By DAVID SEIFMAN and CARL CAMPANILE
May 23, 2009

Mayor Bloomberg said yesterday that parents should butt out of trying to dictate educational policy as the debate over mayoral control of the schools intensifies.

"You do not want parents setting educational policy. You do not want parents telling teachers how to teach. Teachers would not be happy about that," Bloomberg said on his WOR radio program.

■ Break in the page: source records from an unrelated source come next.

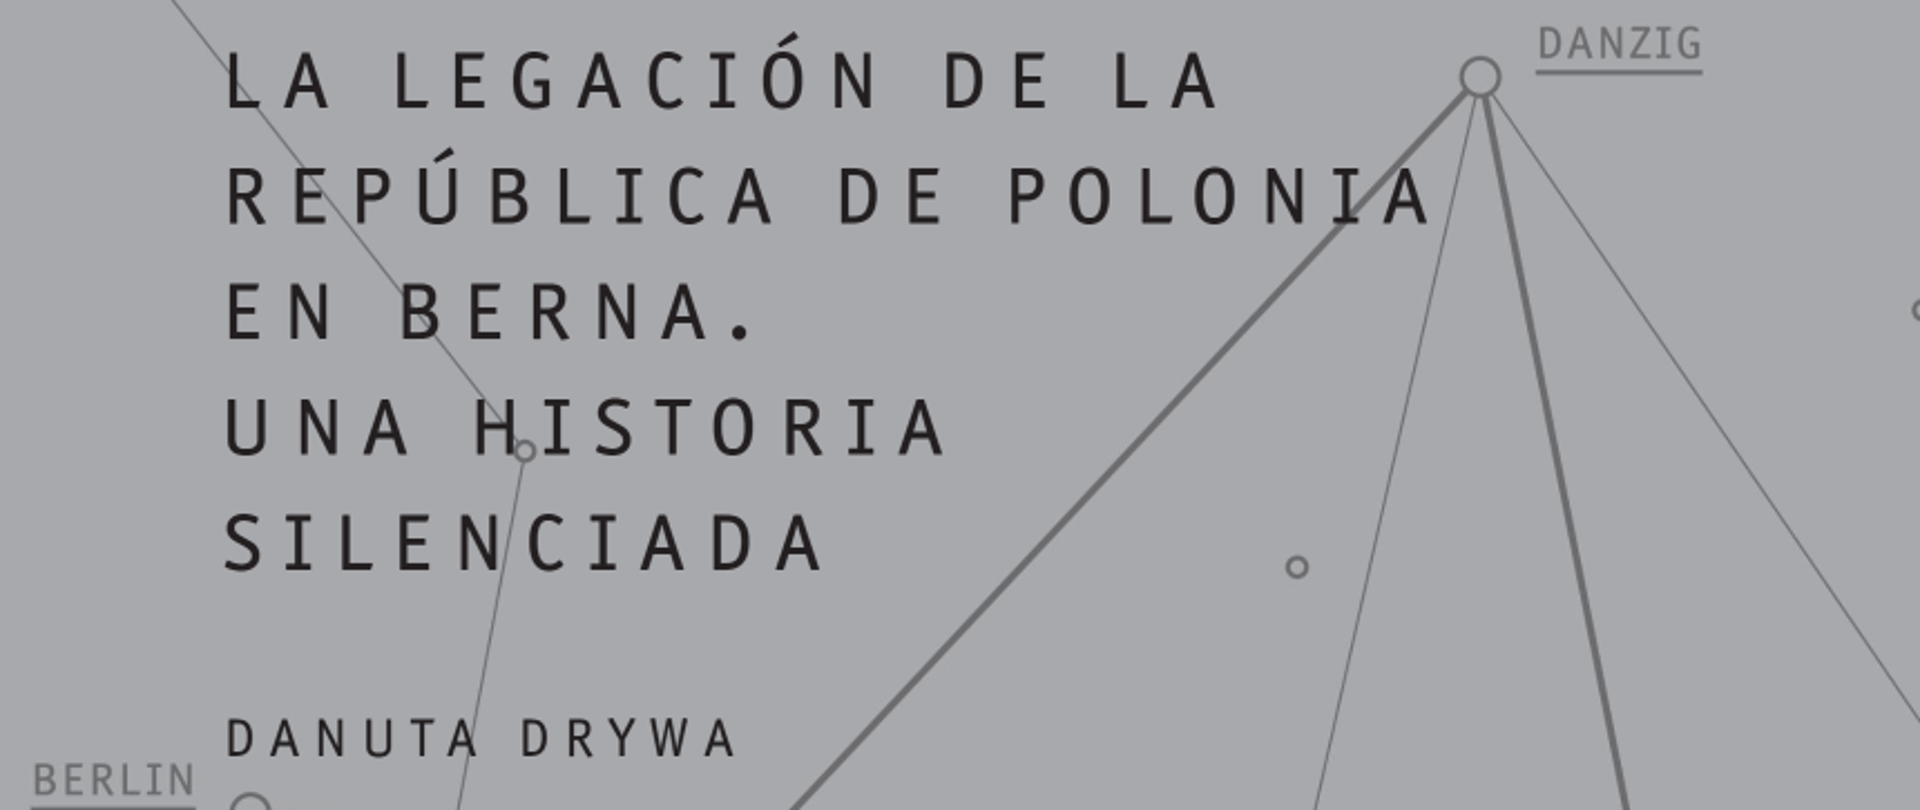 El 28 de septiembre de 2022 en la Legislatura de la Ciudad Autónoma de Buenos Aires tuvo lugar la presentación del libro “LA LEGACIÓN DE LA REPÚBLICA DE POLONIA EN BERNA. UNA HISTORIA SILENCIADA” publicado en español por la Embajada de la República de Polonia en Buenos Aires junto con el Ministerio de Cultura y Patrimonio Nacional de la República de Polonia. 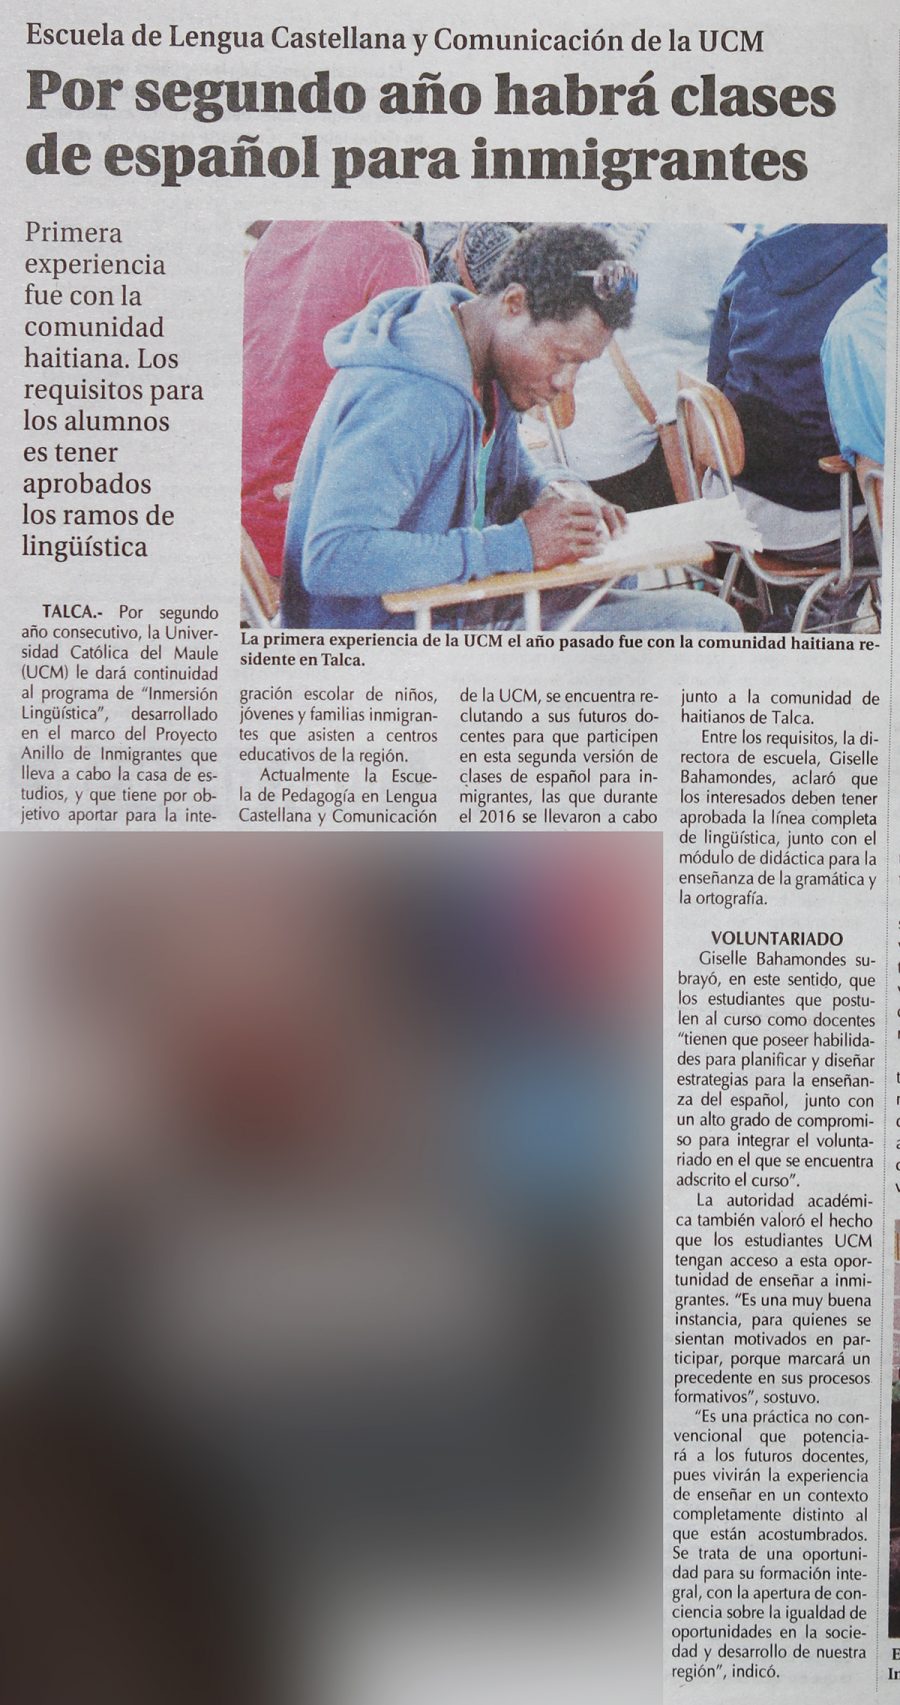 02 de abril en Diario El Centro: “Por segundo año habrá clases de español para inmigrantes”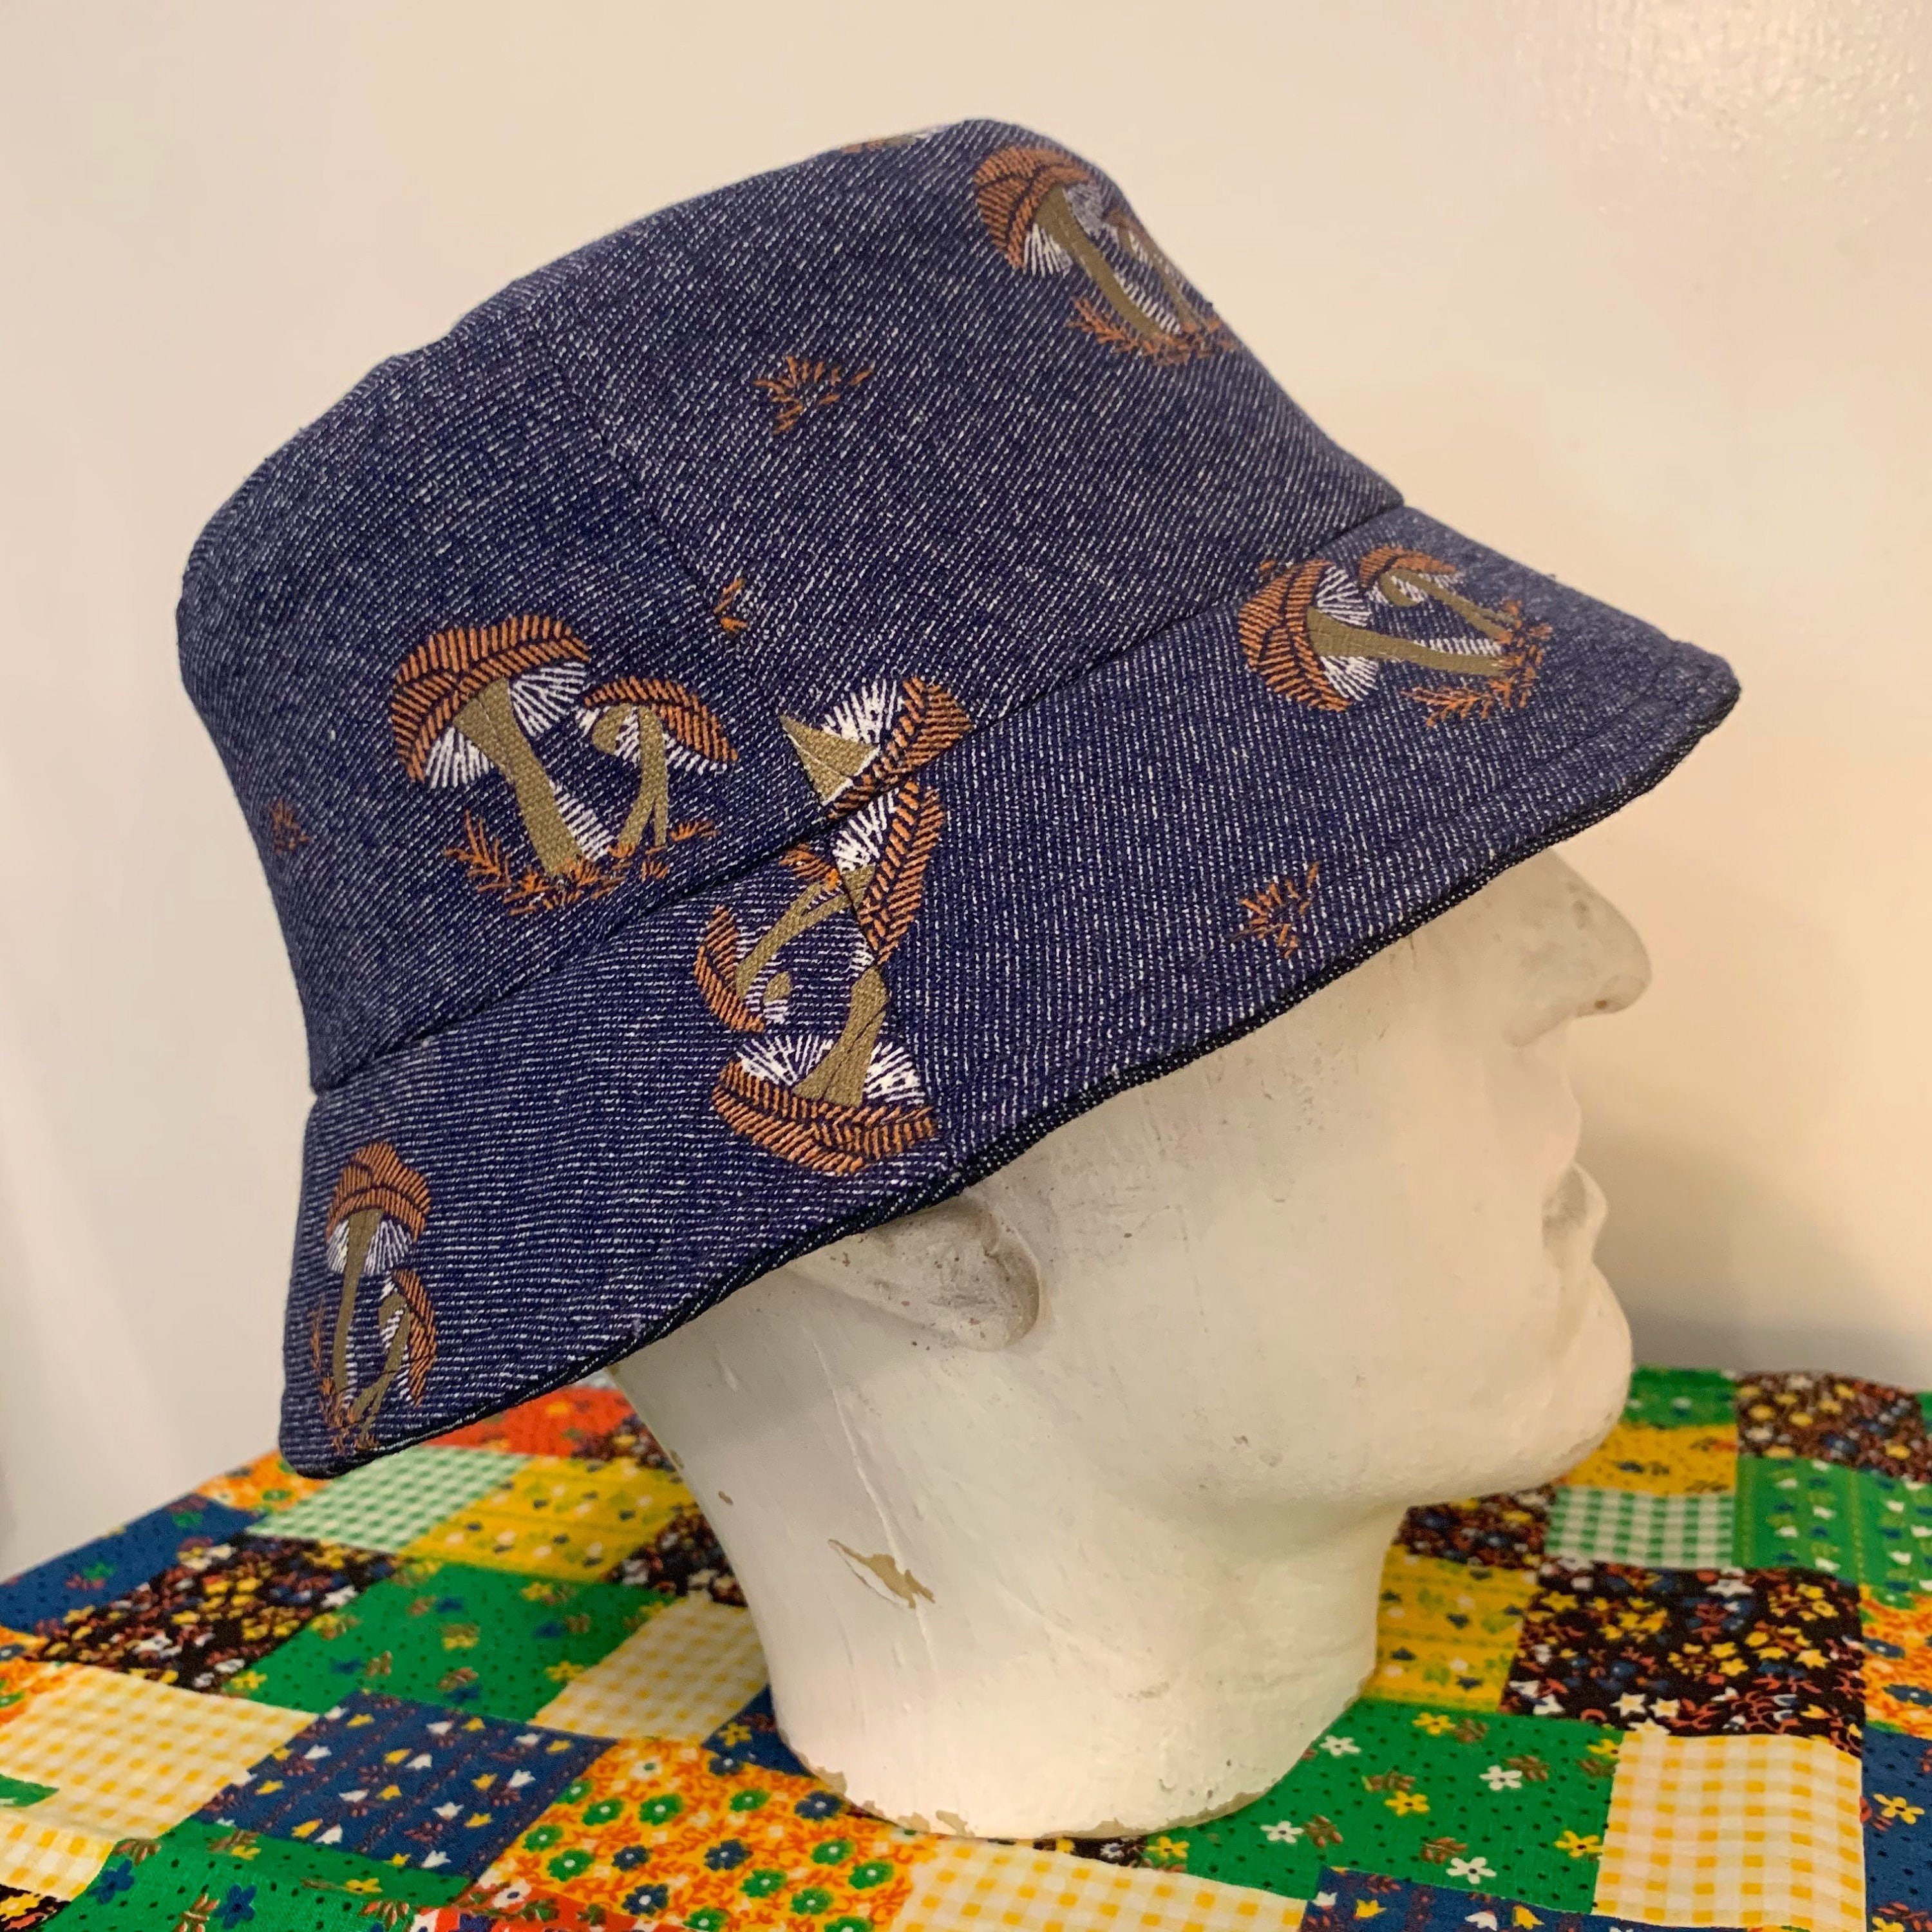 i.Tink Reversible Bucket Hat in Vintage MUshroom Print and Hemp Denim

"That's what you have professionals for," he added.

Bloomberg is battling to persuade the state Legislature to extend the 2002 law that gave him authority to run the schools. The law expires on June 30, and there's a push to rein in the mayor's powers over city education.

The biggest criticism of mayoral control is that Bloomberg and Schools Chancellor Joel Klein have rammed through policies -- such as school closings -- without adequate parental notification and input. They have disputed those charges.

The mayor sees parental involvement as positive when parents help their children with studies and hold schools accounta ble for results. But he draws the line at policy.

Meanwhile, Bloomberg op poses plans pushed by school activists and some lawmakers to beef up community school districts and empower school superinten dents. He said that's a return to the failed policies of the old Board of Education.

"If you want to really hurt the school system," Bloomberg said, "let's take some money out of classrooms and build 32 more bureaucracies."

Parent activists said Bloomberg's comments prove their point that Hizzoner and Klein ignore their concerns.

"That's dismissive and arrogant," said Jim Devor, a parent leader with Community Education Council 15 in Brooklyn. "He's contemptuous of parents."

Even lawmakers in Albany who support mayoral control said Bloomberg should give parents greater say.

"We want the school districts to be basically what they should be: a place where parents, teachers and principals can deal with problems," said state Sen. Frank Padavan (R-Queens).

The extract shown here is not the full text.